Computed Columns
Pixeltable Fundamentals
Section 2: Computed Columns
Welcome to Section 2 of the Pixeltable Fundamentals tutorial, Computed Columns.
In the previous section, Tables and Data Operations, we learned how to create tables, populate them with data, and query and manipulate their contents. In this section, we'll introduce one of Pixeltable's most essential and powerful concepts: computed columns. We'll learn how to:
- Add computed columns to a table
- Use computed columns for complex operations such as image processing and model inference
If you are running this tutorial in Colab:
In order to make the tutorial run a bit snappier, let's switch to a GPU-equipped instance for this Colab session. To do that, click on the Runtime -> Change runtime type
menu item at the top, then select the GPU
radio button and click on Save
.
Next, let's ensure the Pixeltable library is installed in your environment, along with the Huggingface transformers
library, which we'll need for this tutorial section.

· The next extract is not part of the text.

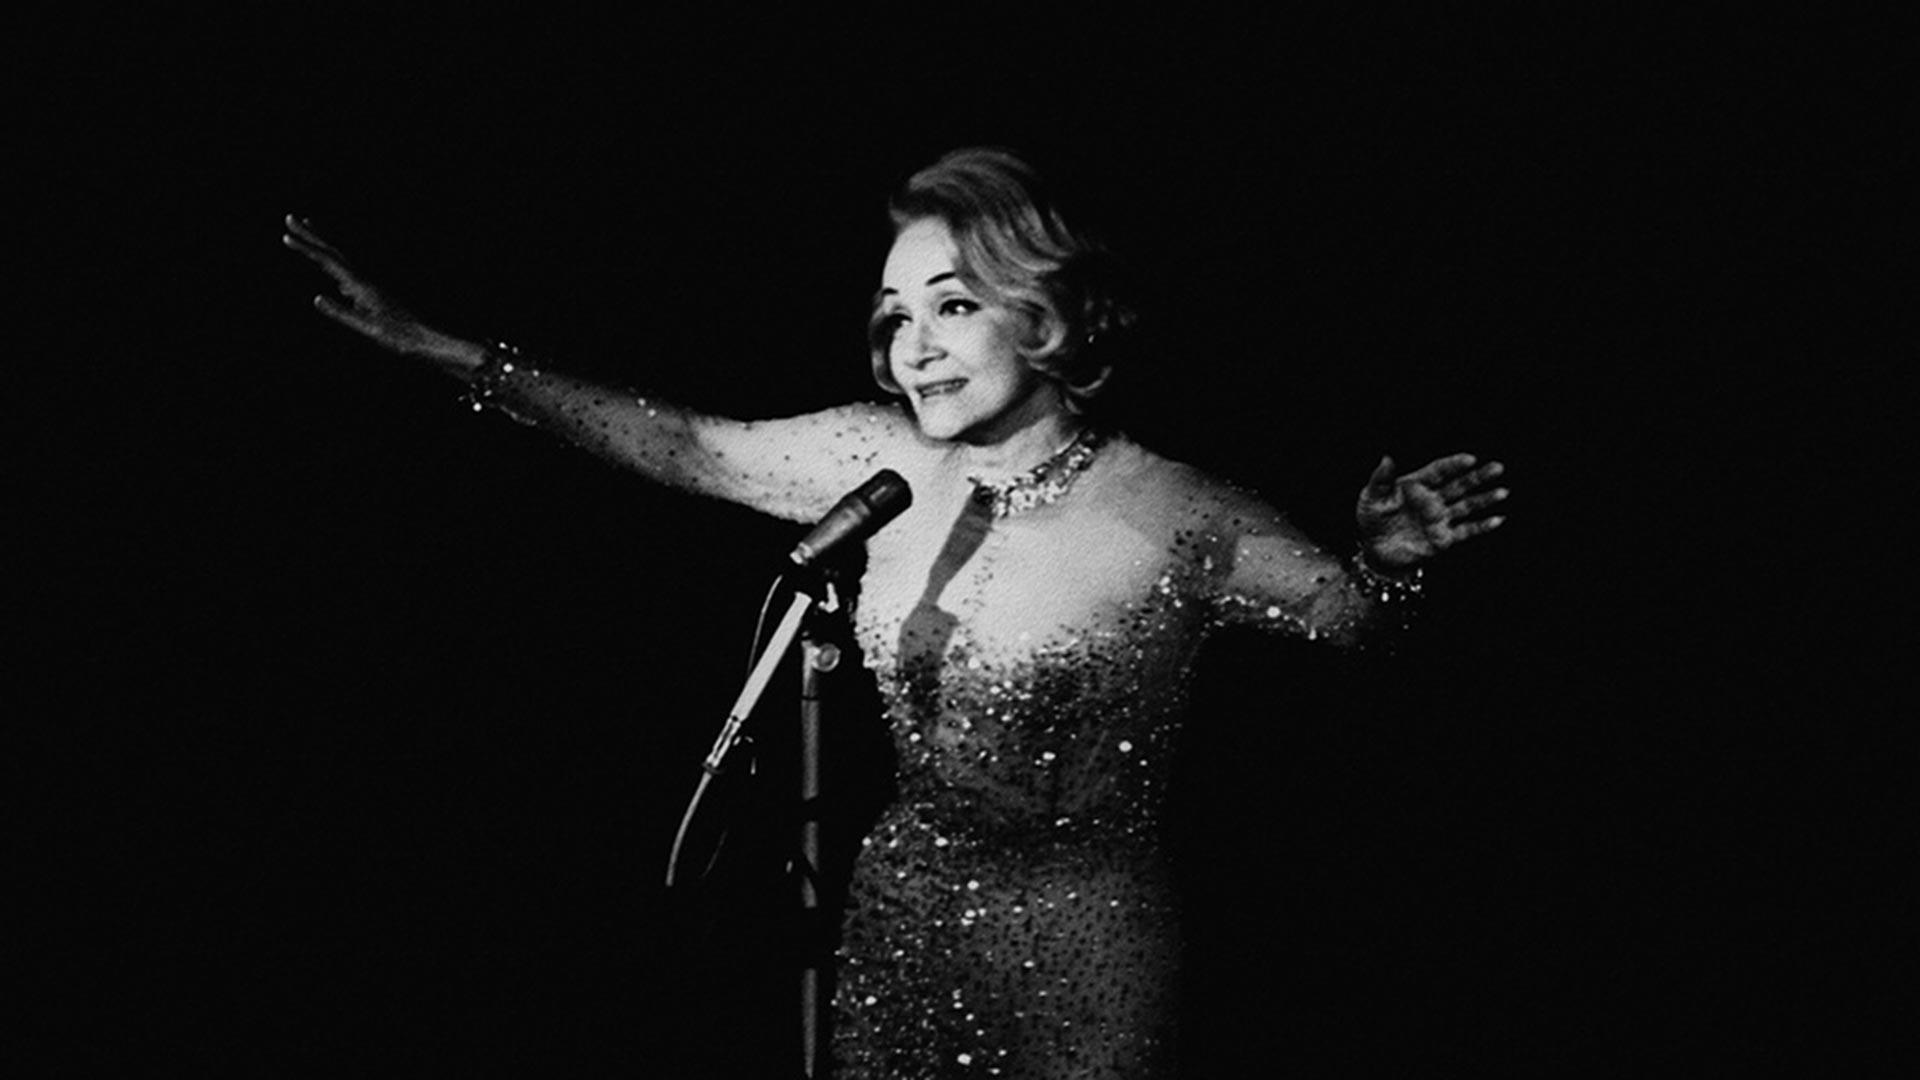 Marlene Dietrich na turneji v ZSSR, 1964
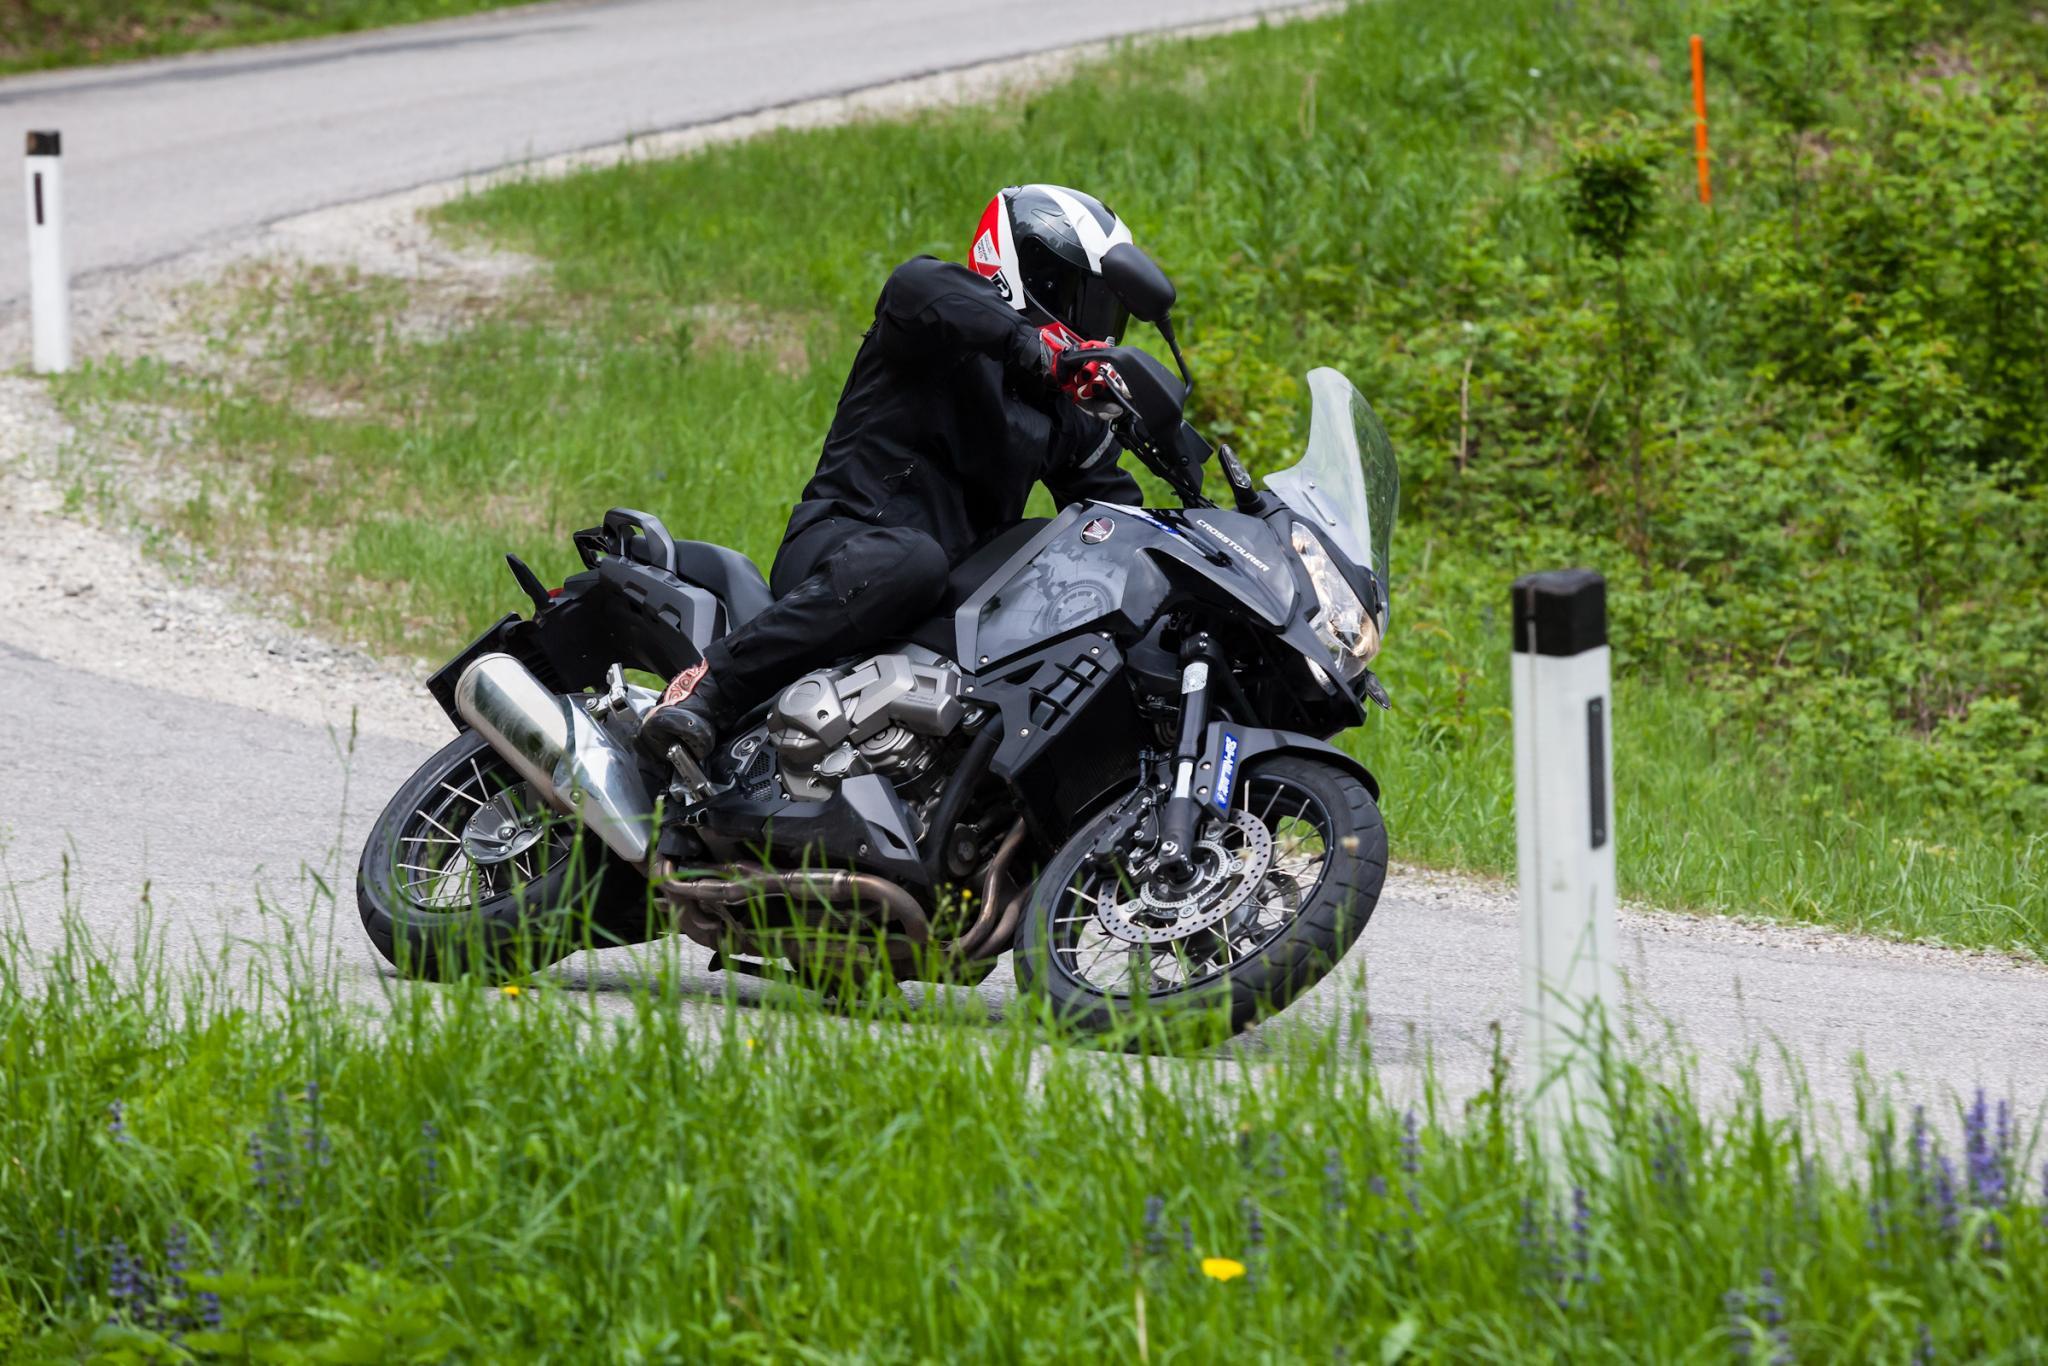 http://www.motorrad-bilder.at/slideshows/291/009569/_MG_6529.jpg

%pip install -qU pixeltable torch transformers
Computed Columns
Let's start with a simple example that illustrates the basic concepts behind computed columns. We'll use a table of world population data for our example. Remember that you can import datasets into a Pixeltable table by providing a URL or file path to pxt.io.import_csv()
.
import pixeltable as pxt
pxt.drop_dir('fundamentals', force=True)
pxt.create_dir('fundamentals')
pop_t = pxt.io.import_csv(
'fundamentals.population',
'https://github.com/pixeltable/pixeltable/raw/main/docs/source/data/world-population-data.csv'
)
Connected to Pixeltable database at: postgresql+psycopg://postgres:@/pixeltable?host=/Users/asiegel/.pixeltable/pgdata
Created directory `fundamentals`.
Created table `population`.
Inserting rows into `population`: 234 rows [00:00, 18059.27 rows/s]
Inserted 234 rows with 0 errors.
Also recall that pop_t.head()
returns the first few rows of a table, and typing the table name pop_t
by itself gives the schema.
pop_t.head(5)
cca3 | country | continent | pop_2023 | pop_2022 | pop_2000 | area__km__ |
---|---|---|---|---|---|---|
IND | India | Asia | 1428627663 | 1417173173 | 1059633675 | 3287590. |
CHN | China | Asia | 1425671352 | 1425887337 | 1264099069 | 9706961. |
USA | United States | North America | 339996563 | 338289857 | 282398554 | 9372610. |
IDN | Indonesia | Asia | 277534122 | 275501339 | 214072421 | 1904569. |
PAK | Pakistan | Asia | 240485658 | 235824862 | 154369924 | 881912. |
pop_t
Column Name | Type | Computed With |
---|---|---|
cca3 | string | |
country | string | |
continent | string | |
pop_2023 | int | |
pop_2022 | int | |
pop_2000 | int | |
area__km__ | float |
Now let's suppose we want to add a new column for the year-over-year population change from 2022 to 2023. In the previous tutorial section, Tables and Data Operations, we saw how one might select()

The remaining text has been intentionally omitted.